Isn't the environment, not just the functionality of whatever worked in that environment, something that you would want to preserve as well?

Migration may be ok for standalone objects like text documents, images, video etc. but it presents all sorts of conceptual problems for more complex types of data. I am involved with a large national web-archiving project and it's hard to see how one could possibly migrate such an archive en-masse. Individual embedded objects could be migrated but what about the structure, layout, and functionality of whole pages and sites? What you're talking about is taking a page written when, say, IE6 was the most common browser and migrating it so that users of IE8 or Firefox3.5 will somehow have the same "user-experience" as the original audience. That's going to be very tricky.

Kyle, "sometimes" is the best answer I have. For a game that won't work otherwise? Absolutely. For a spreadsheet? I'd rather migrate the data to something more durable if possible.

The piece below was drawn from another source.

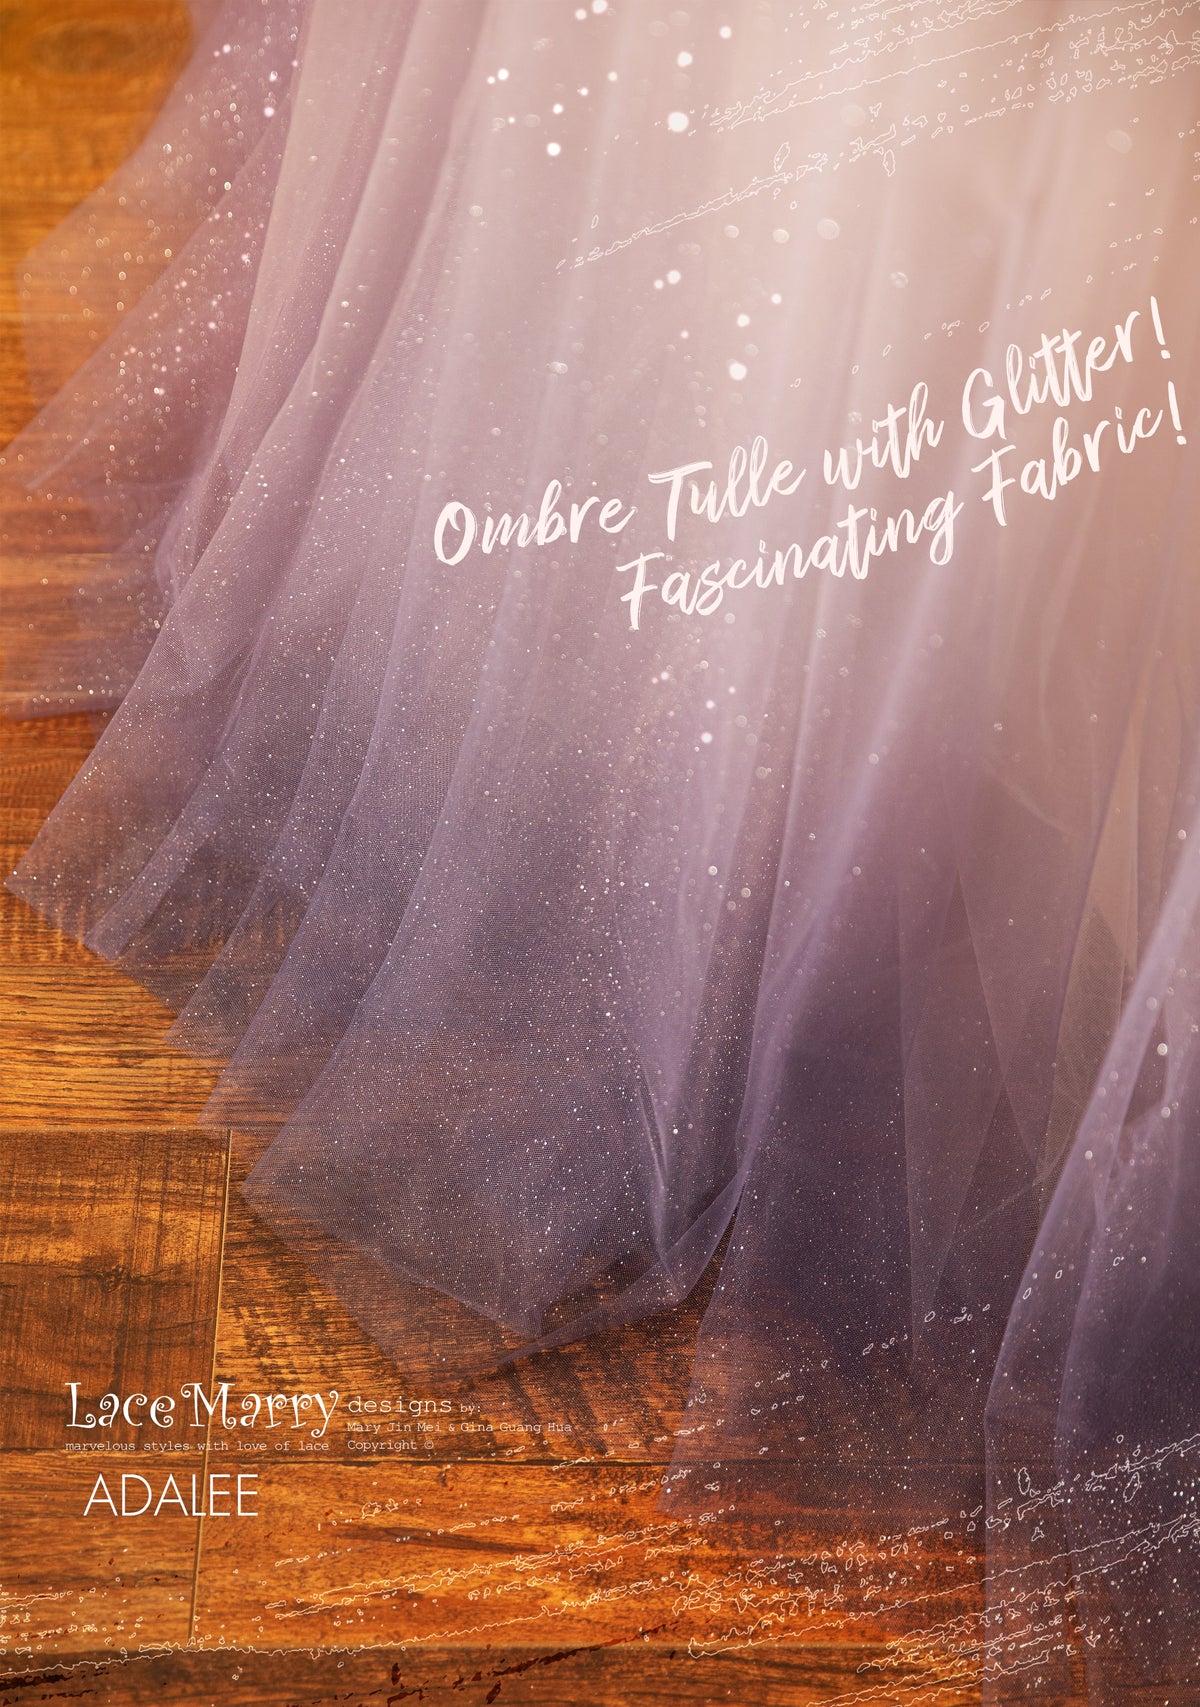 ADALEE / Ombre Glitter Wedding Dress with Purple and Nude Tone
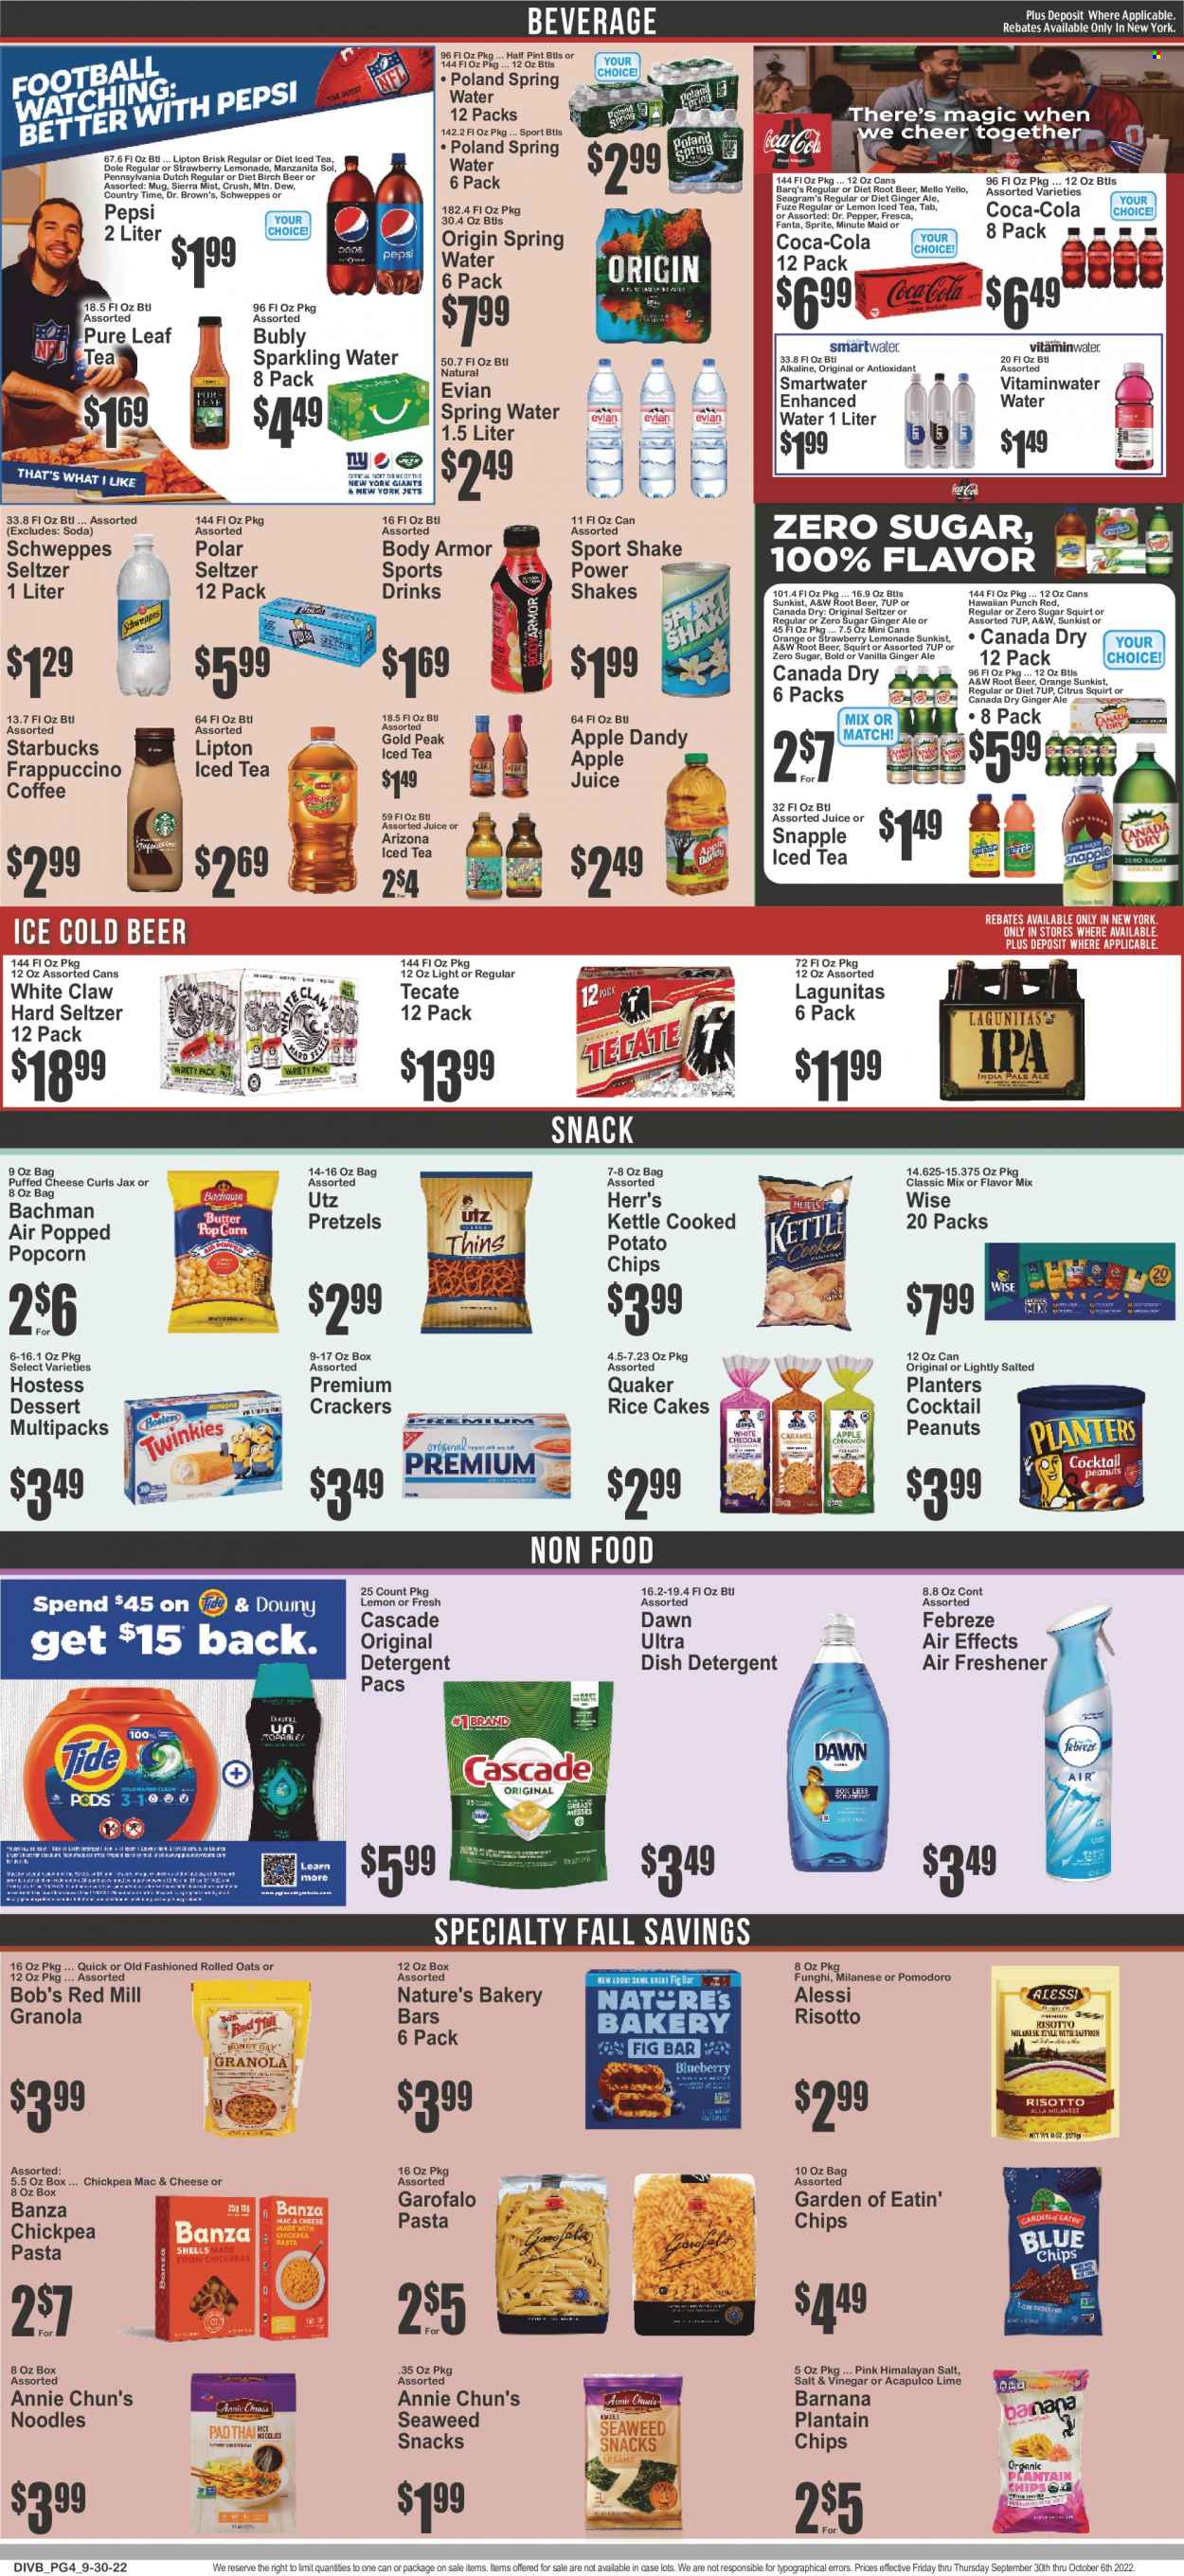 thumbnail - Super Fresh Flyer - 09/30/2022 - 10/06/2022 - Sales products - pretzels, Dole, oranges, risotto, pasta, Quaker, noodles, shake, snack, crackers, potato chips, chips, popcorn, oats, granola, rolled oats, rice, peanuts, Planters, apple juice, Canada Dry, Coca-Cola, ginger ale, lemonade, Mountain Dew, Schweppes, Sprite, Pepsi, juice, Fanta, Body Armor, Lipton, ice tea, Dr. Pepper, 7UP, AriZona, Snapple, Dr. Brown's, A&W, Sierra Mist, Country Time, fruit punch, spring water, soda, sparkling water, Smartwater, Evian, Pure Leaf, coffee, Starbucks, frappuccino, White Claw, Hard Seltzer, beer, Sol, detergent, Febreze, Cascade, dishwasher cleaner. Page 4.

Csrster, you're right; it's a difficult problem, and the example you give is perfectly apropos. When I'm faced with a website-archiving problem, I tend to go old-school: standardize the markup, staticize the site, and save it that way. Obviously, there are sites this technique won't work for! For many, however, it's an acceptable compromise, one that makes it unlikely the code will ever have to be touched again.

That's why it's smart to think about durability from the very beginning of a project. There's nothing preventing people from writing standards-compliant code and avoiding Flash and suchlike perishable techniques from the outset -- except not realizing the consequences.

Two comments: first, migration is needed less than you think (g see David Rosenthal's blog posts based on his CNI talk). Second, emulation in many contexts needs the original software to continue working. In particular, it needs to be licensed indefinitely. Not easy for many proprietary softwares, whose business model can depend on getting you to re-license what you had, and sometimes on making earlier versions not work....

By Chris Rusbridge (not verified) on 29 Sep 2009 #permalink

I have my reservations about Rosenthal, but in the main he is right (as you are). I don't fuss too terribly much about mainstream formats. Proprietary formats in instrument science hurt my heart, though.

Very good point about the licensing. One more danger of proprietary software and data formats!